| Information shown |
***

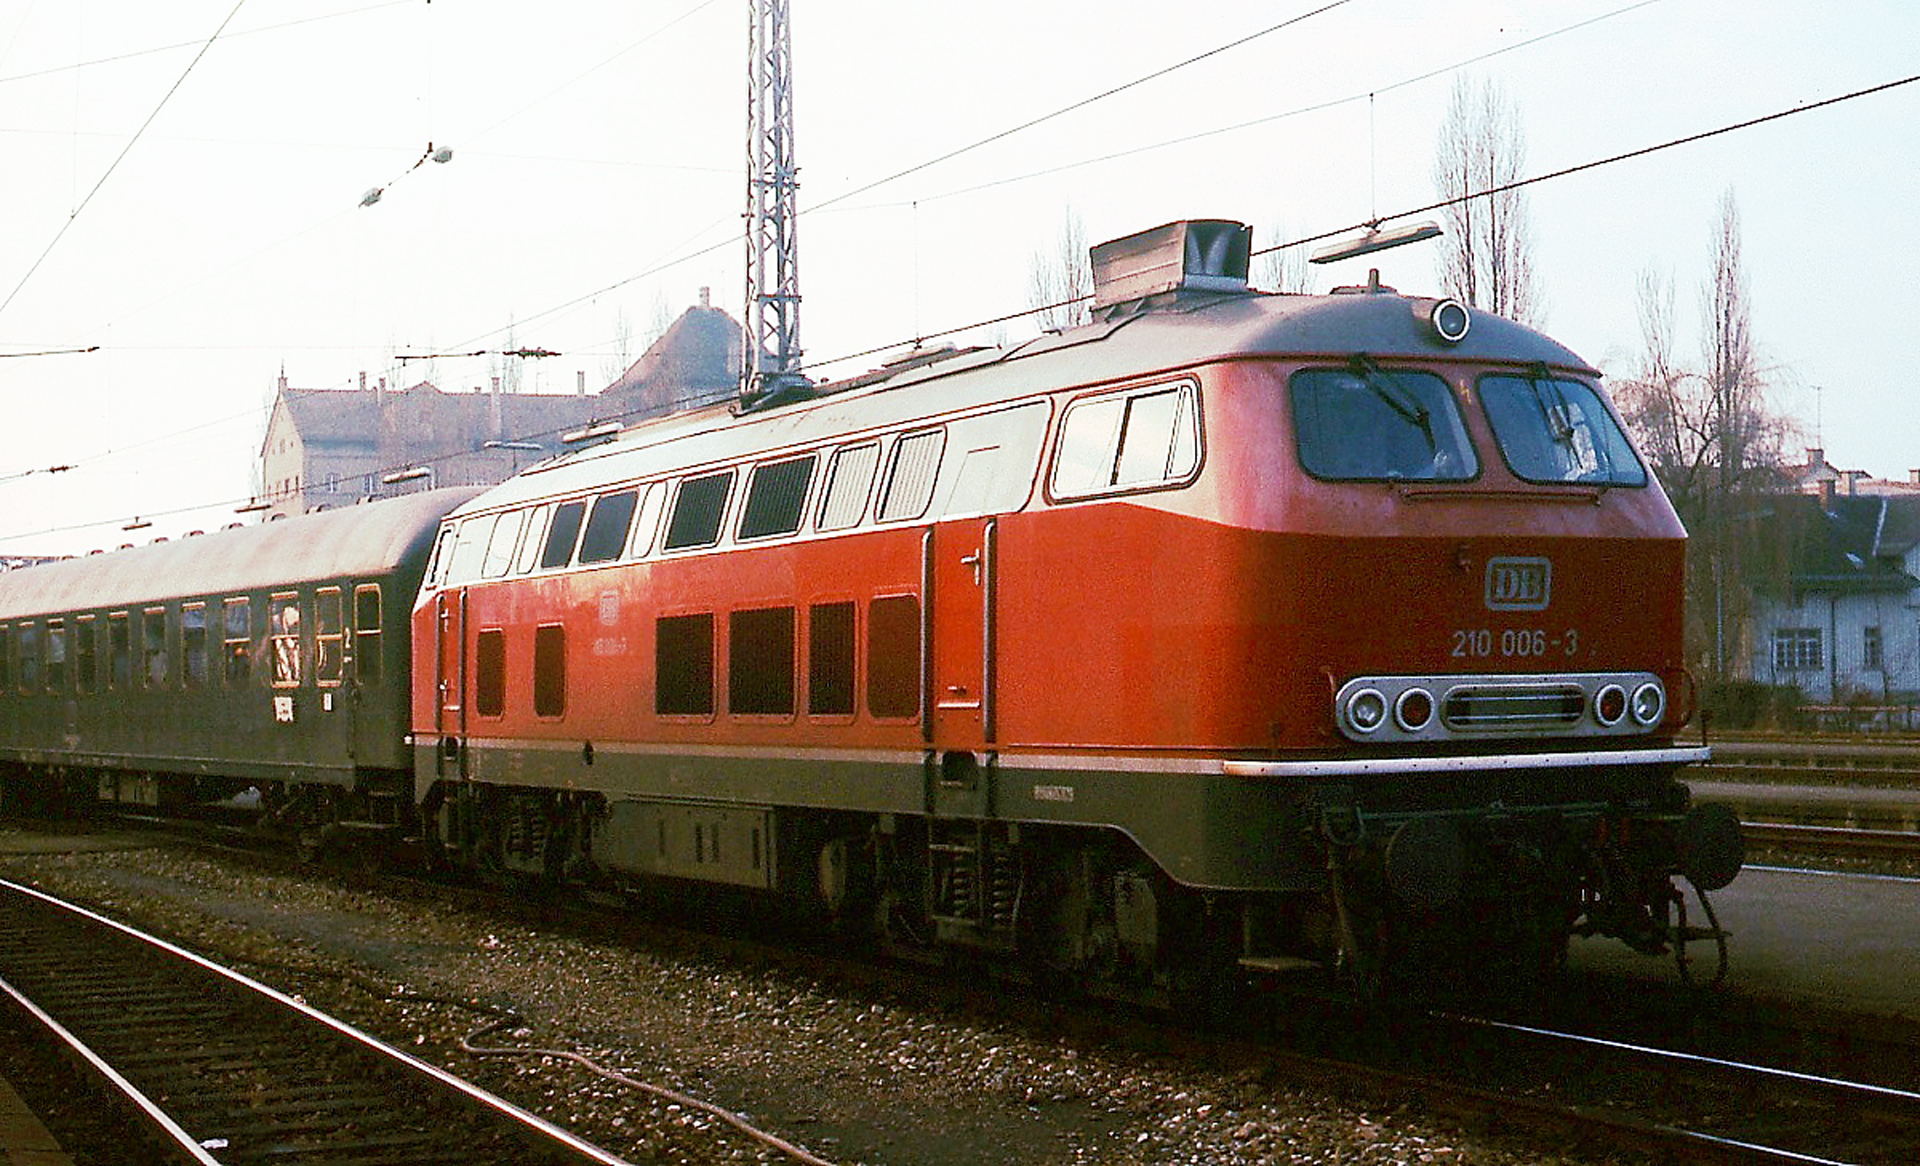 Германский газотурбинный тепловоз DB Class 210 006-3
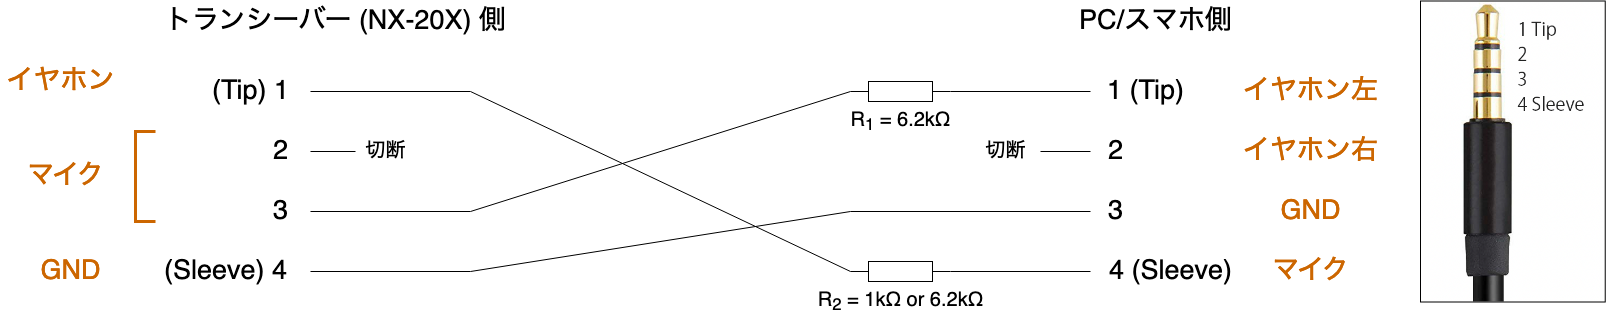 図1. 作成した変換ケーブルの回路図
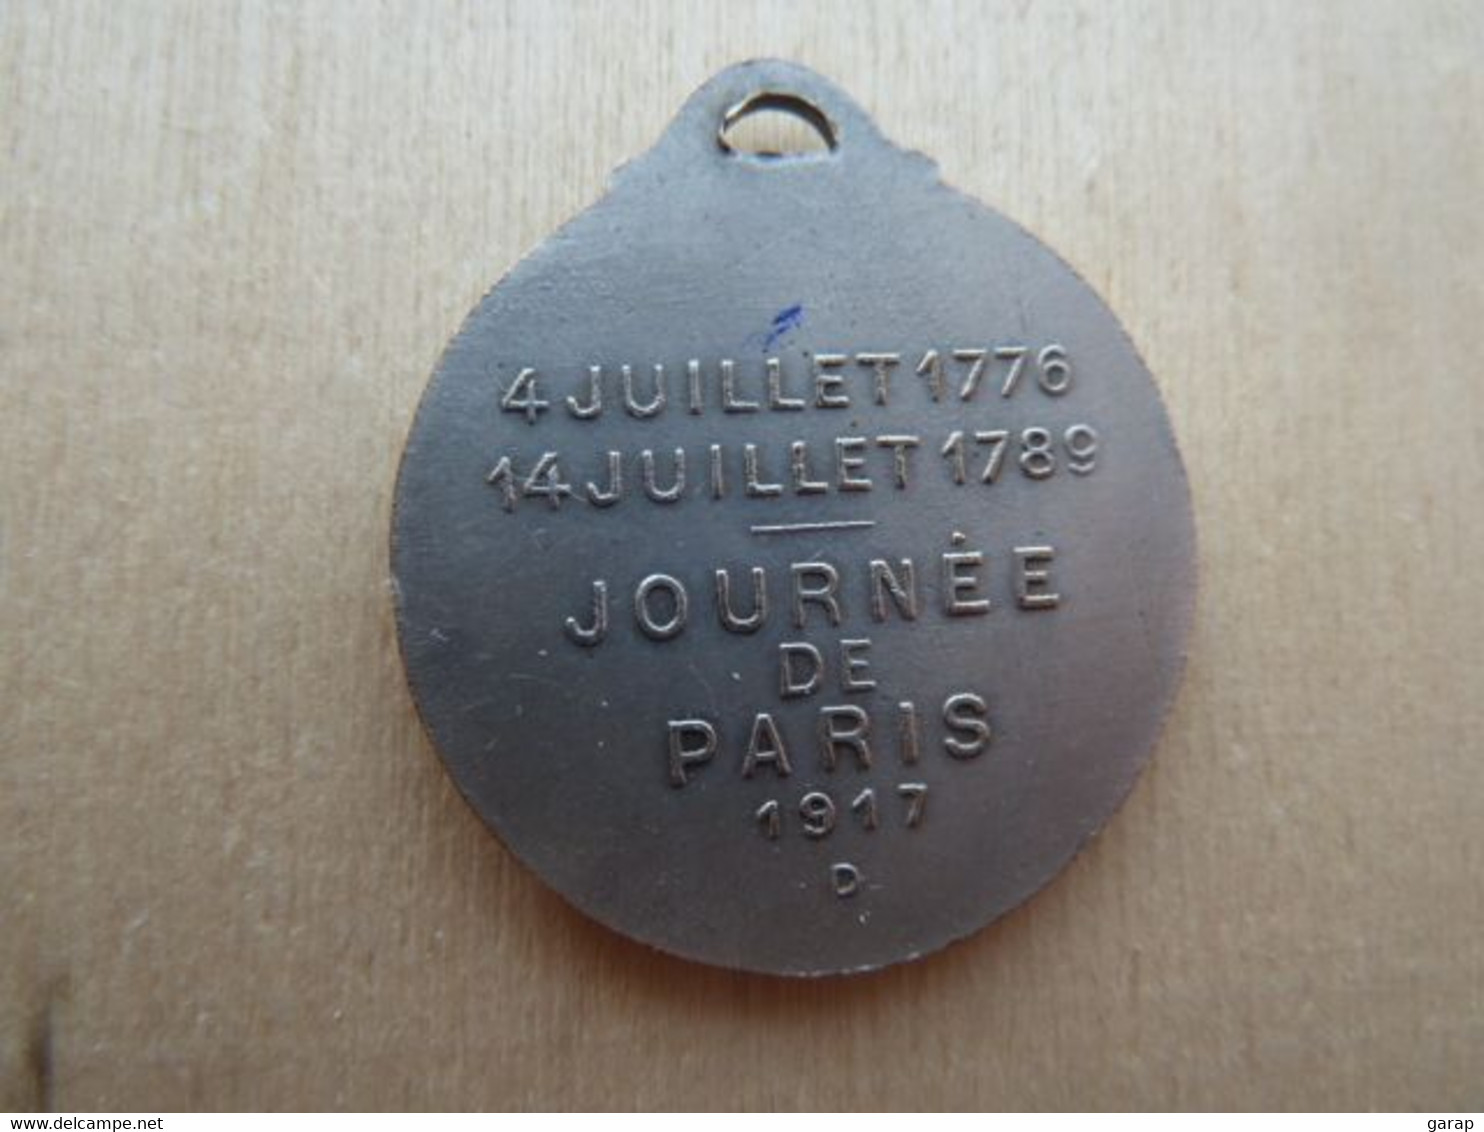 DA-126 Médaille Métal Gris Washington Lafayette Signée Gaston Lavrillier Paris -art.Journées De Paris 1917 - Magazines & Catalogues

***

| What you will do |
Working from the listing above, retype it exactly but include no images.

| Answer box |
 Германский газотурбинный тепловоз DB Class 210 006-3
 図1. 作成した変換ケーブルの回路図
 DA-126 Médaille Métal Gris Washington Lafayette Signée Gaston Lavrillier Paris -art.Journées De Paris 1917 - Magazines & Catalogues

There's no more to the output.